Ketika Ia sedang berdoa, rupa wajahNya berubah dan pakaian-Nya menjadi putih berkilau-kilauan.” (Luk 9:29).
Sungguh menarik, bahwa kata kerja yang dipakai di sini sama dengan yang dipakai Lukas ketika melukiskan cahaya yang dimasuki Paulus pada saat penampakan di Damsyik, Paulus pun menghayati pantulan Kristus yang berubah rupa.
Untuk melukiskan adegan yang sama, Injil Markus bicara tentang transformasi : “Lalu Yesus berubah rupa” (Mrk 9:2 dst). Kata kerja Yunani nya berbuyi metamorfothe”(berubah rupa). Yesus berubah rupa di depan mata mereka, dan pakaian-Nya sangat putih berkilat-kilat. Kata kerja itu sama dengan yang dipakai oleh Paulus dalam surat kedua kepada jemaah di Korintus untuk melukiskan proses transformasi yang dialami olehnya, dan oleh setiap rasul dan gembala sesudah dia, sambil memantulkan kemuliaan Kristus. Dan kita semua mencerminkan kemuliaan Tuhan dengan muka yang tidak berselubung. Dan karena kemuliaan itu datangnya dari Tuhan yang adalah Roh, maka kita diubah menjadi serupa dengan gambar-Nya, dalam kemuliaan yang semakin besar. (2 Kor 3:18).
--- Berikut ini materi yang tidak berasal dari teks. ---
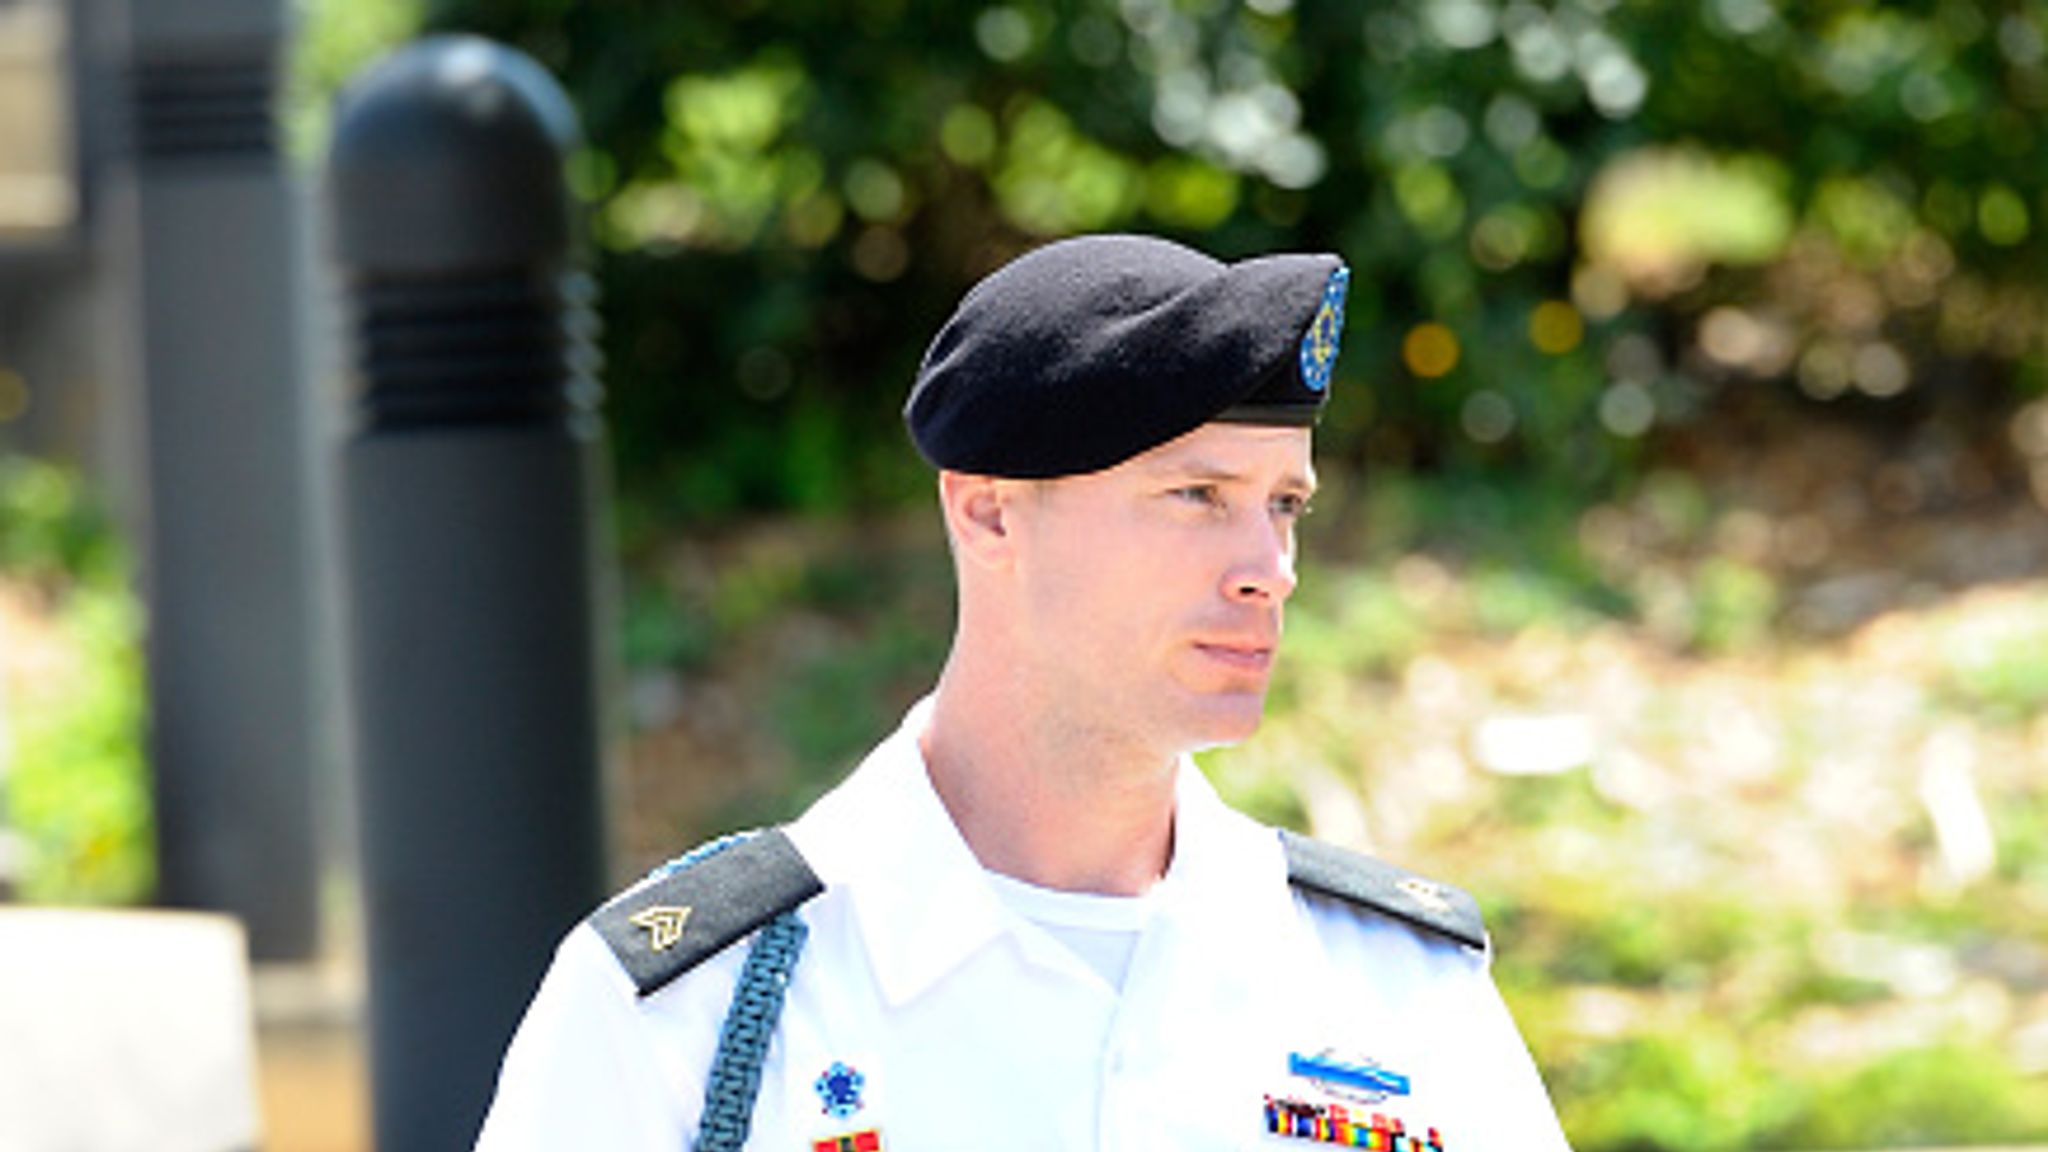 Bowe Bergdahl seeks pardon from Obama before Trump takes office World

Itu memang melukiskan hal yang sedang kita renungkan. Diliputi oleh kemuliaan Tuhan di Damsyik, Paulus mengalami perubahan. Dalam bahasa Yunani kata kerjanya dipakai dalam bentuk “waktu sekarang” untuk menunjuk pada suatu tindak perubahan yang terus-menerus, dalam kemuliaan yang semakin besar, oleh kekuatan Roh Allah. Ia berubah menurut gambaran Yesus dan menerima kecemerlangan Kristus.
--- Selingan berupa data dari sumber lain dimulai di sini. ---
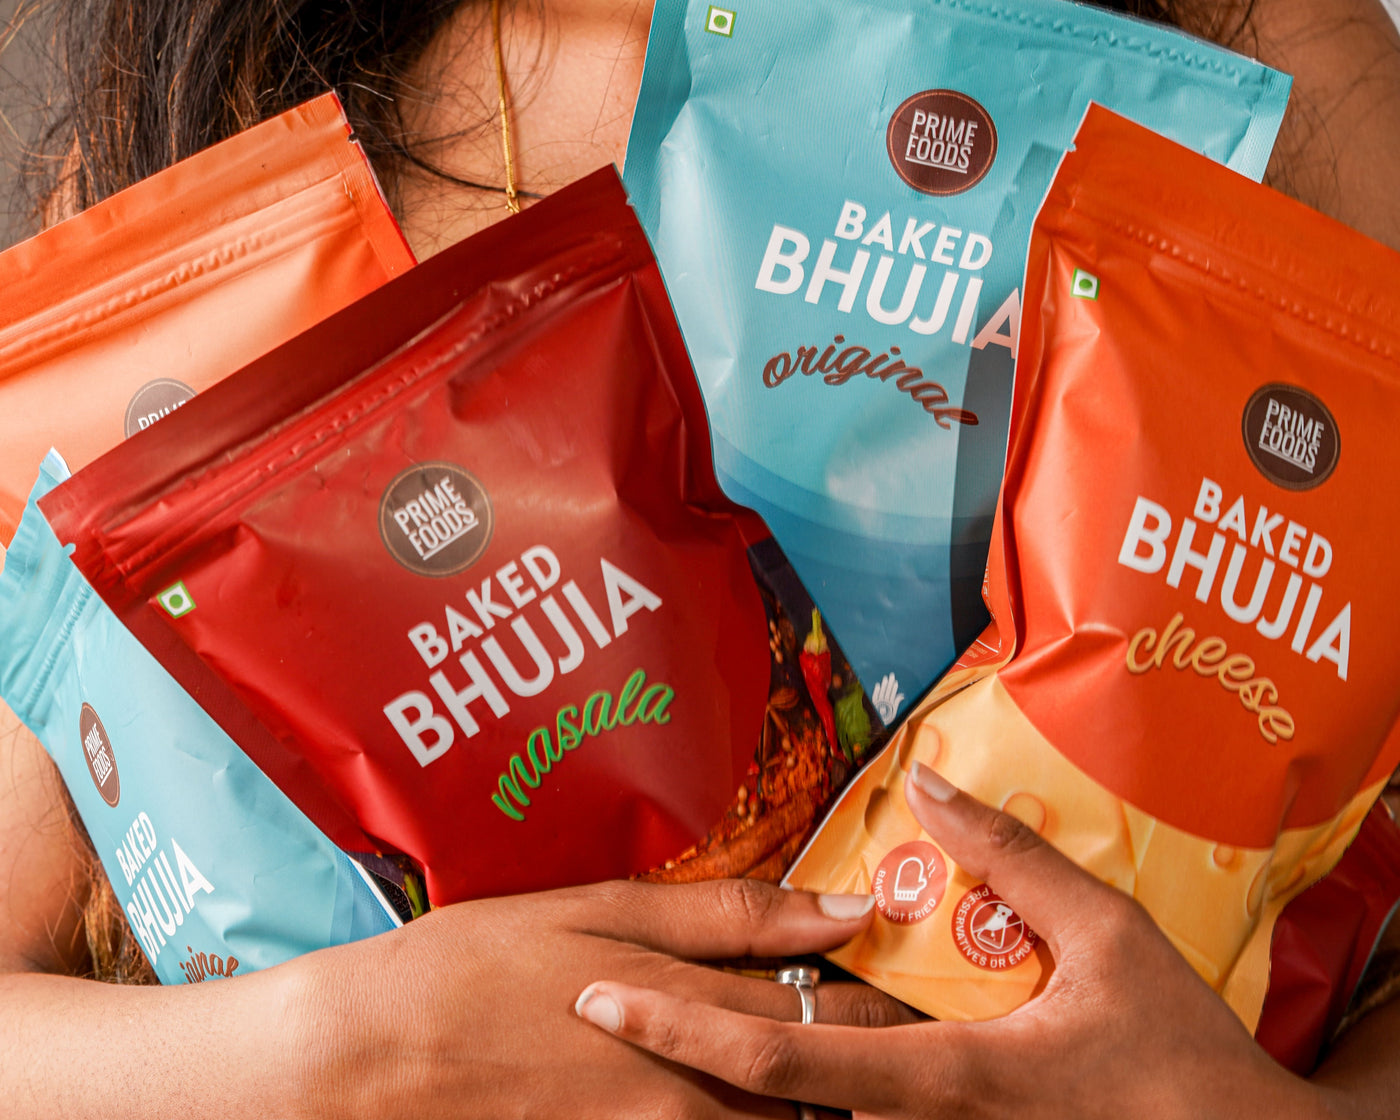 Baked Bhujia Assorted (75g) (Set of 3) (3x75g)

Jangan lupa bahwa pesta dan peristiwa Transfigurasi sangat dimanfaatkan dalam liturgi Gereja Yunani untuk mengarahkan perhatian kepada apa yang terjadi pada orang Kristen melalui peresapan anugerah-anugerah yang diterima dalam pembaptisan dan bagi para imam dalam pentahbisan.
Dengan berbicara tentang transfigurasi Paulus, dimaksudkan bertambahnya kecemerlangan dan kejernihan yang terjadi dalam dirinya sepanjang perjalanan hidupnya sebagai gembala. Transfigurasi itu tercerminkan dalam surat-suratnya yang besar dengan cara yang tak dapat ditiru.
Dengan membaca surat-surat itu kita terpesona oleh kejelasan dan kesemarakan jiwanya. Sesudah dua ribu tahun kita merasa bahwa di belakang kata-kata yang tertulis itu hadirlah seorang pribadi hidup dan kaya yang mempesonakan dan menerangi kita.
Segi transfigurasinya menarik orang dan merupakan salah satu rahasia kegiatannya sebagai gembala. Tansfigurasi itu merupakan hasil perjalanan panjang penuh cobaan, penderitaan, doa tak kunjung putus dan kepercayaaan yang tiap kali diperbaharui.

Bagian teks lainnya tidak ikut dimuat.